The Twentynine Palms City Council on a 5–0 vote approved midyear revisions to the city’s FY 2026–27 general fund budget, a 3.1% cost-of-living adjustment for employees and a set of interfund transfers and fee-schedule changes staff said were required to balance the second year of the city’s two-year budget.
Finance staff presented the revisions as necessary to reflect updated revenue estimates and rising costs, most notably a higher contract cost for law-enforcement services. Abigail, the finance presenter, told the council the sheriff’s contract increase was now about 7.4% (roughly $429,000 higher than the current year) after the county provided a one-time subsidy that trimmed an earlier 10% preliminary increase by $126,000. The staff presentation said law enforcement, salaries and benefits make up about 73% of operating expenditures.
The budget motion (Resolution No. 2612) also included a 3.1% wage-scale increase for FY 2026–27, and a package of one-time transfers totaling $282,000 that staff described as: $160,000 to the capital projects fund for self-funding, $50,000 for playground equipment, $40,000 for CDBG project management, $15,000 for parks maintenance equipment, and $17,000 to seed future street-sweeper acquisition. Staff said the city expects an unassigned fund balance of about $12 million at year-end for emergencies and one-time costs.

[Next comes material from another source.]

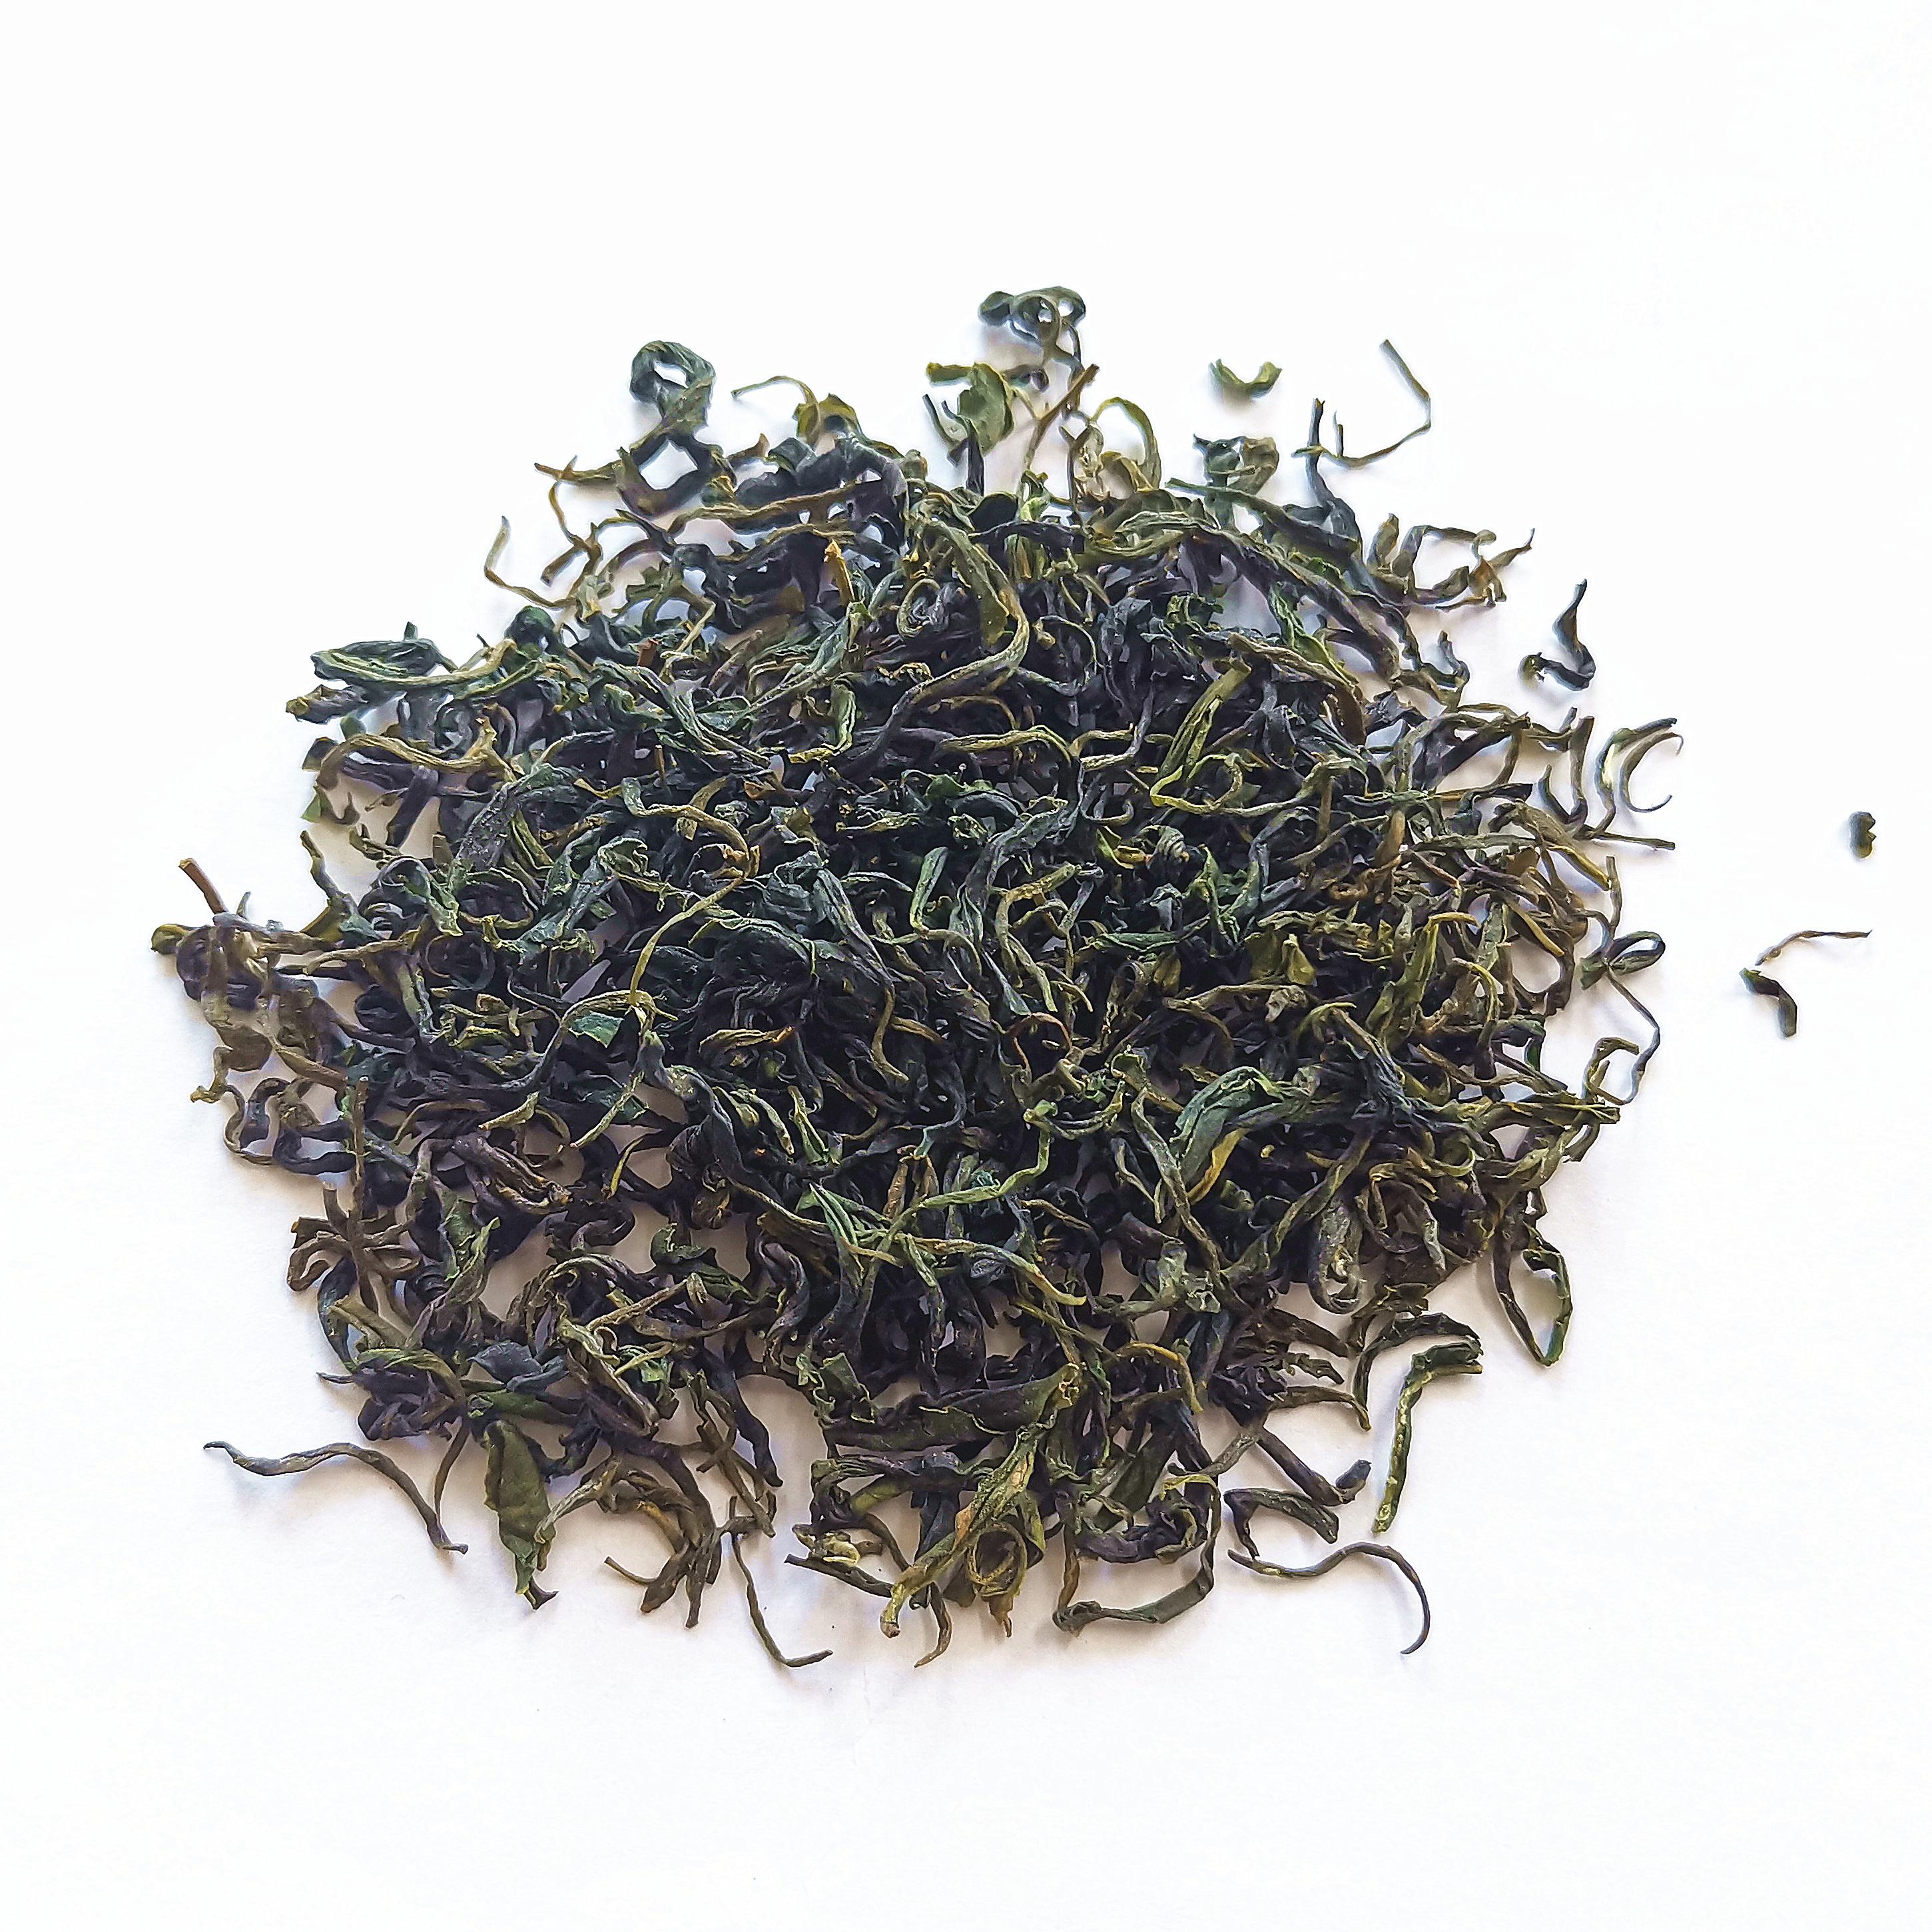 Tea company wholesale tea extract tablets tea green - 4uTea | 4uTea.com

Council members pressed staff on potential state pension-law changes (AB 1383) and the possible fiscal impact; Abigail estimated a change in pension formula could raise annual retirement costs on the order of $100,000–$150,000, depending on final legislation and bargaining outcomes.
On the consent agenda the council approved routine items and then separately approved amendments to the master citywide user fee schedule to reflect a 3.1% CPI update for most local fees (excluding state-mandated fees, sewer and solar fees) and several administrative adjustments (for example converting adult-sports fees from a per-team to a per-player rate and aligning the summer day camp length with the school district calendar).

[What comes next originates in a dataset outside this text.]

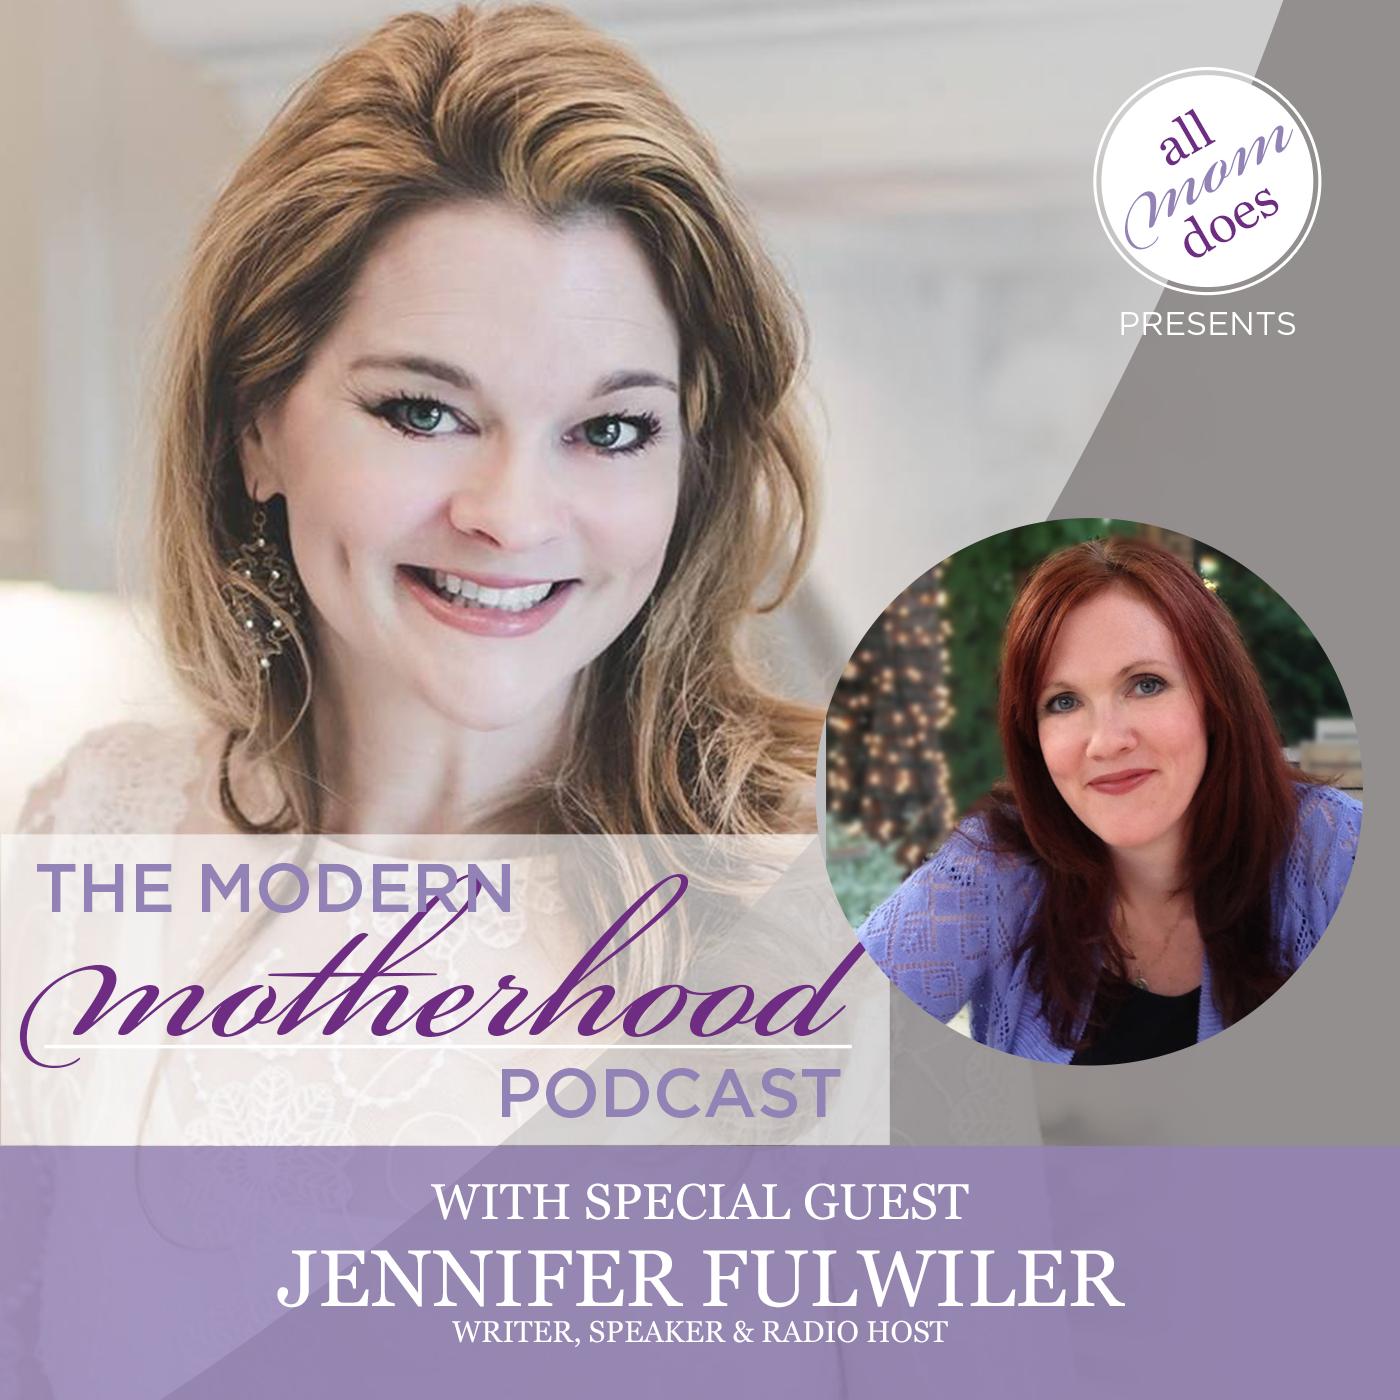 The Modern Motherhood Podcast #16: Jen Fulwiler

The council also approved subcommittee recommendations to allocate $50,000 in contributions to three local nonprofit organizations: $25,000 to 29 Palms Community Food Pantry and Outreach Ministries, Inc.; $15,000 to Reachout Morongo Basin; and $10,000 to Animal Action League.
All formal votes recorded during the meeting were unanimous (5–0). Abigail told the council that although the budget shows a $195,000 SLEF (Supplemental Local Law Enforcement Fund) line, those dollars are grant revenue offset by a corresponding expense line and that any sheriff request over $25,000 would still require a separate council approval.
The council introduced and approved the first reading of Ordinance No. 328 to raise council-member monthly compensation to $700 (effective after the November 2026 election). That ordinance will return for a subsequent reading and final adoption before it takes effect.
The council adjourned after brief city-manager remarks and no additional action on the numerous public-records and surveillance concerns raised during public comment.